• [TASK PROMPT]: What are the lines, copied exactly, from the one containing "Happy Birthday Wishes To Sister" through the final line of the material? Leave the pictures out.

• [DATASET EXCERPT]:
★ ★ ★

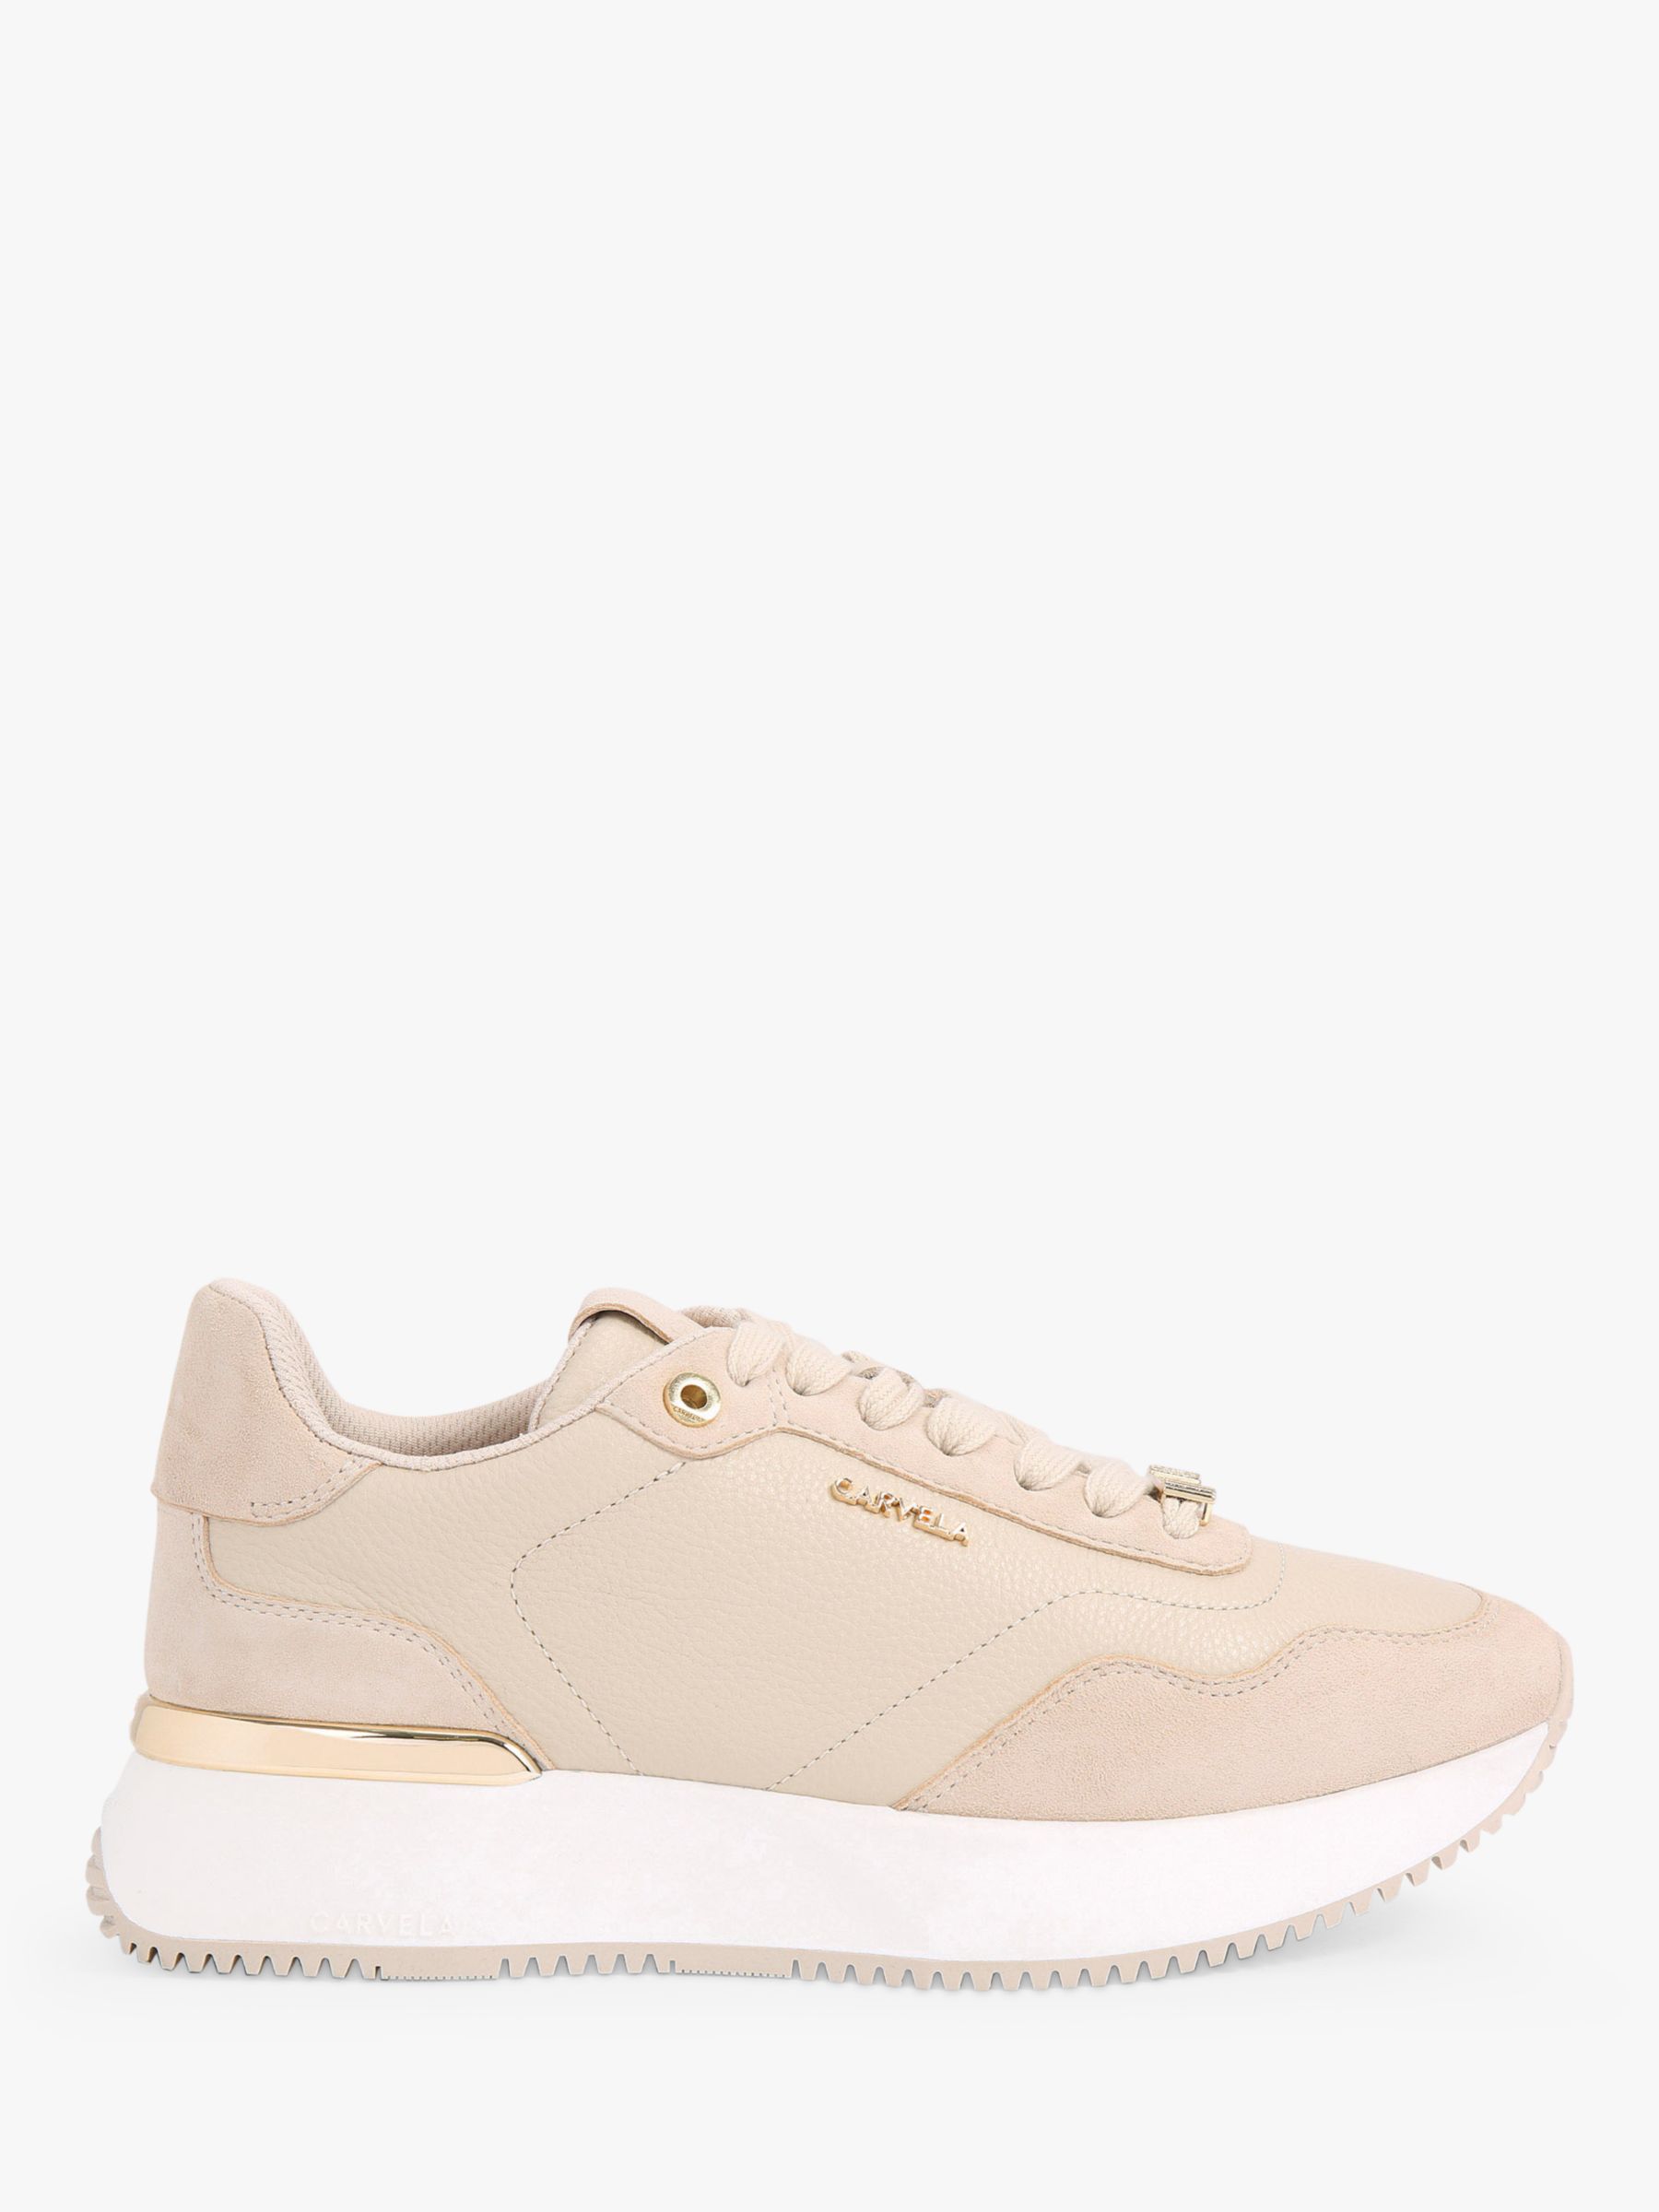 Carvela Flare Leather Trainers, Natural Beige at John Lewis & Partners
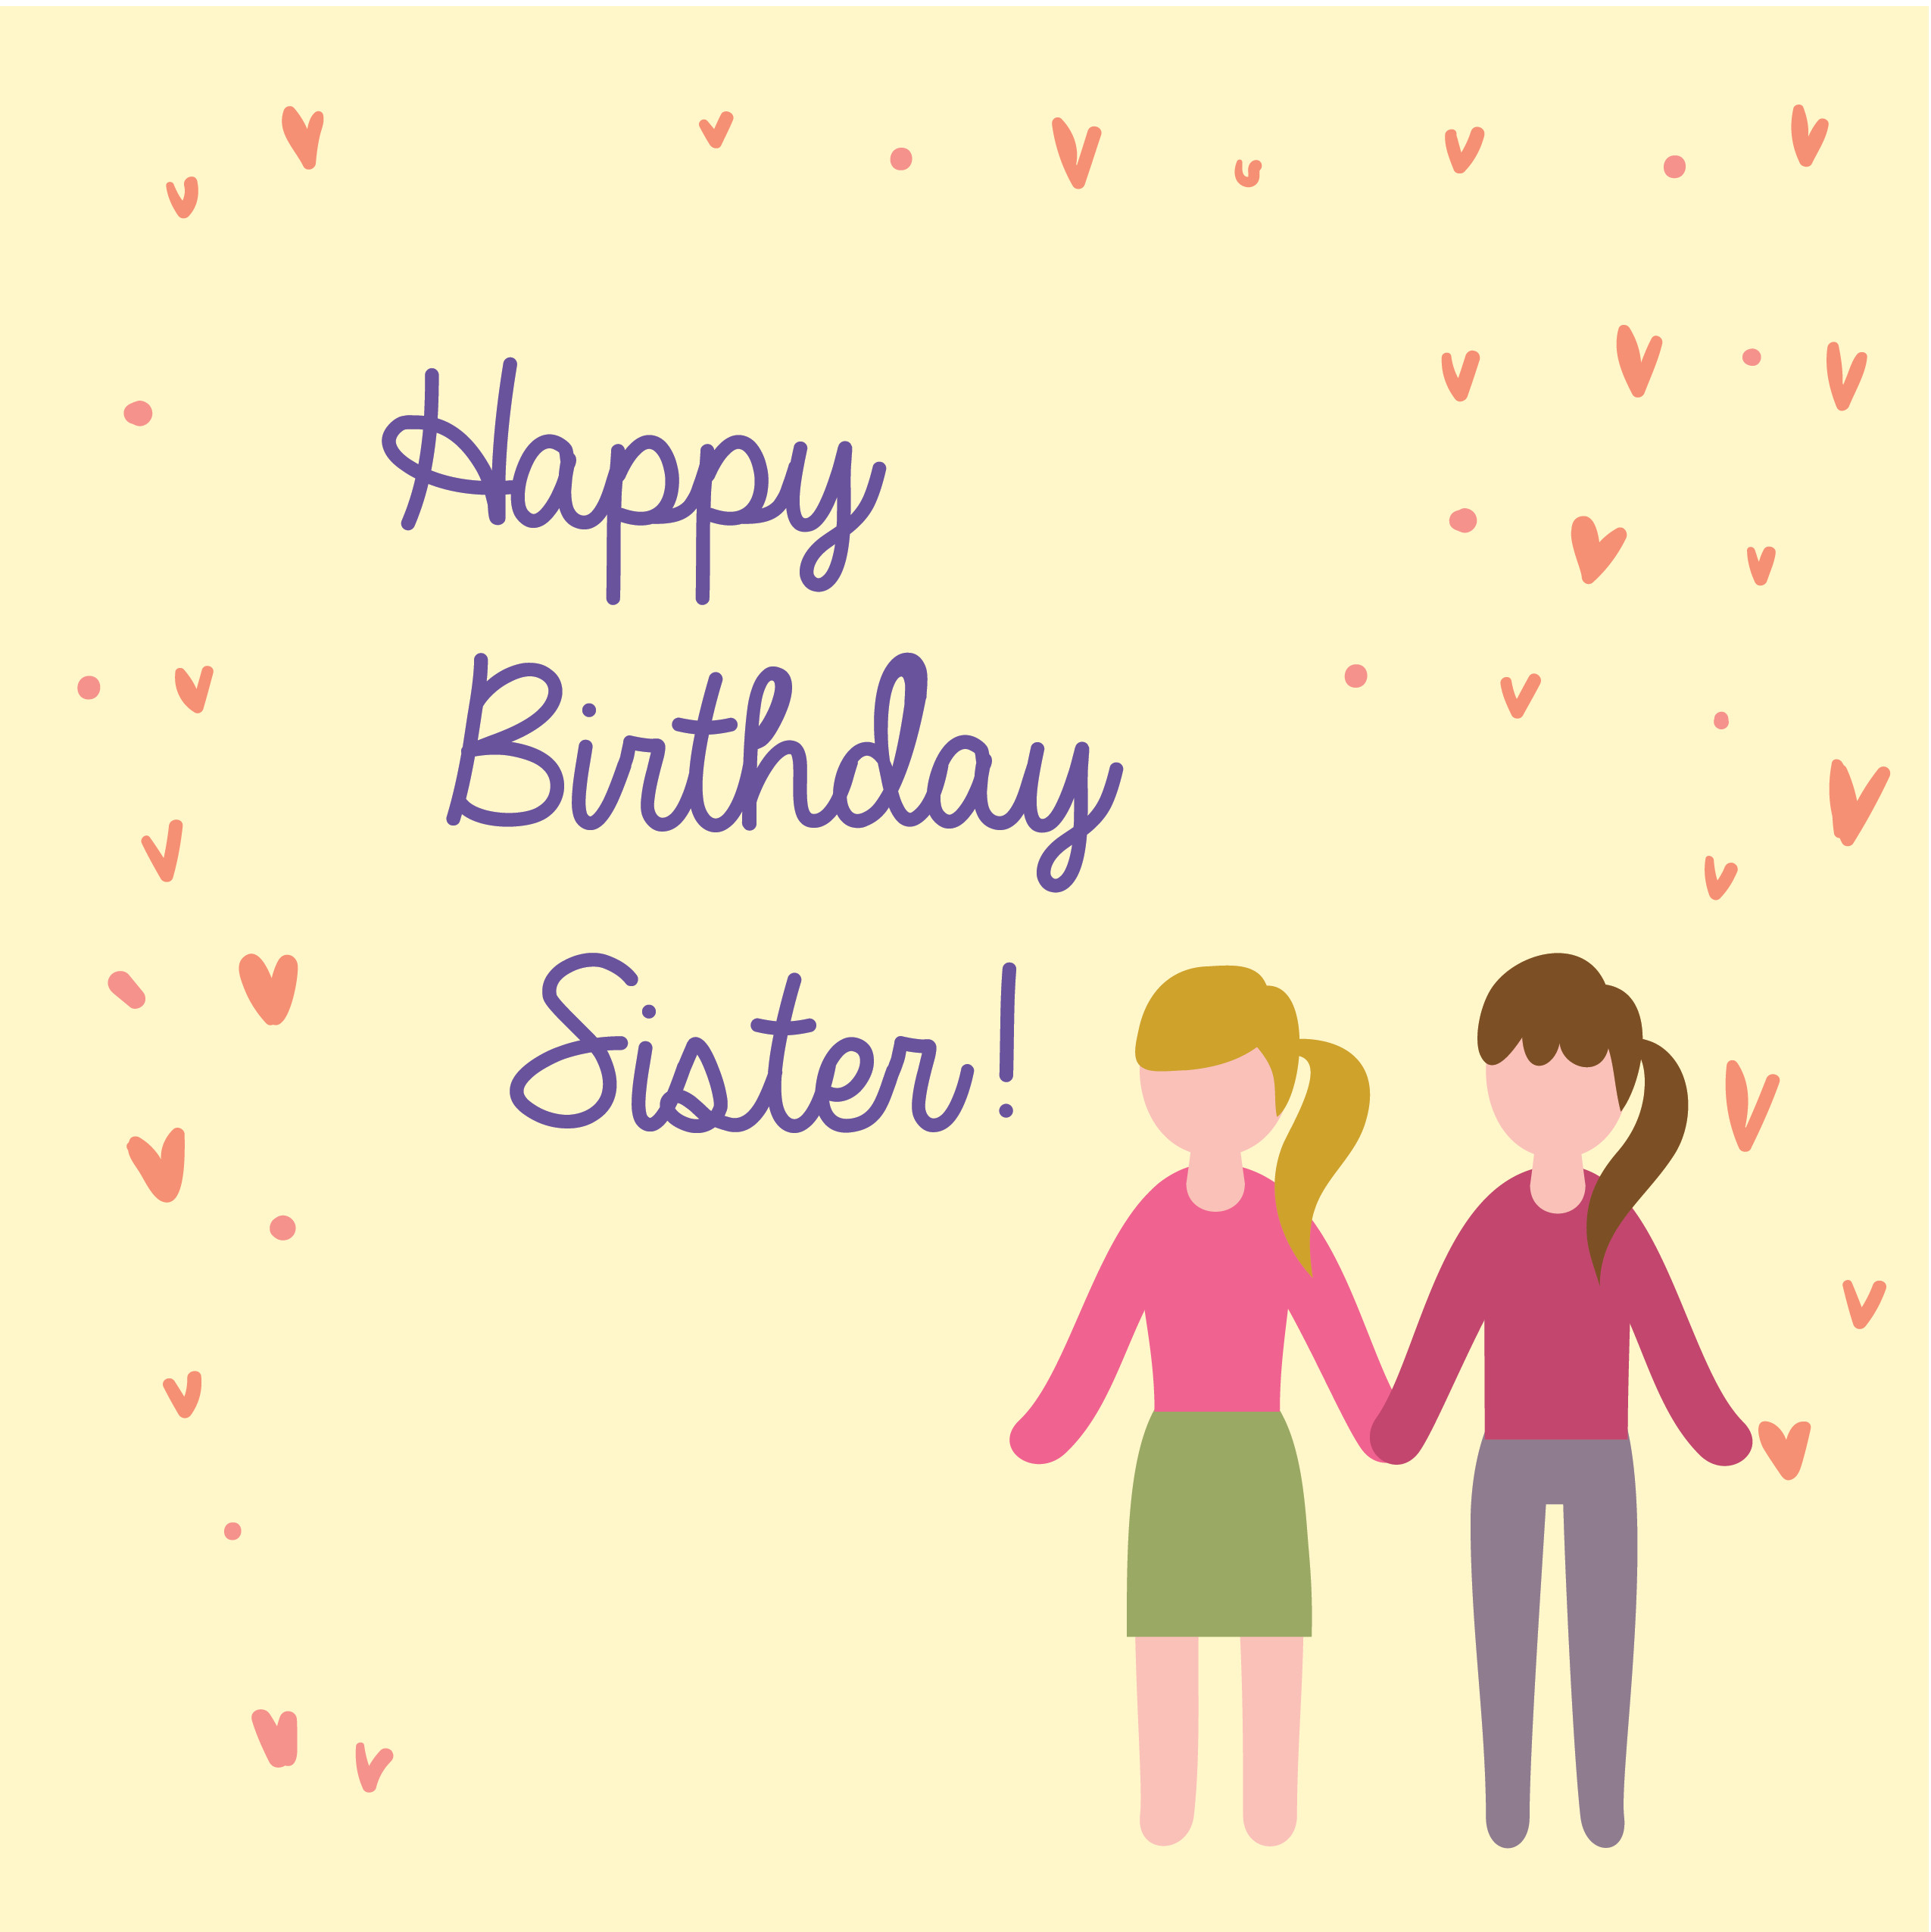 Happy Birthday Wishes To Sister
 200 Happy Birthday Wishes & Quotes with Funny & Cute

★ ★ ★

• [TASK OUTPUT]:
 Happy Birthday Wishes To Sister
 200 Happy Birthday Wishes & Quotes with Funny & Cute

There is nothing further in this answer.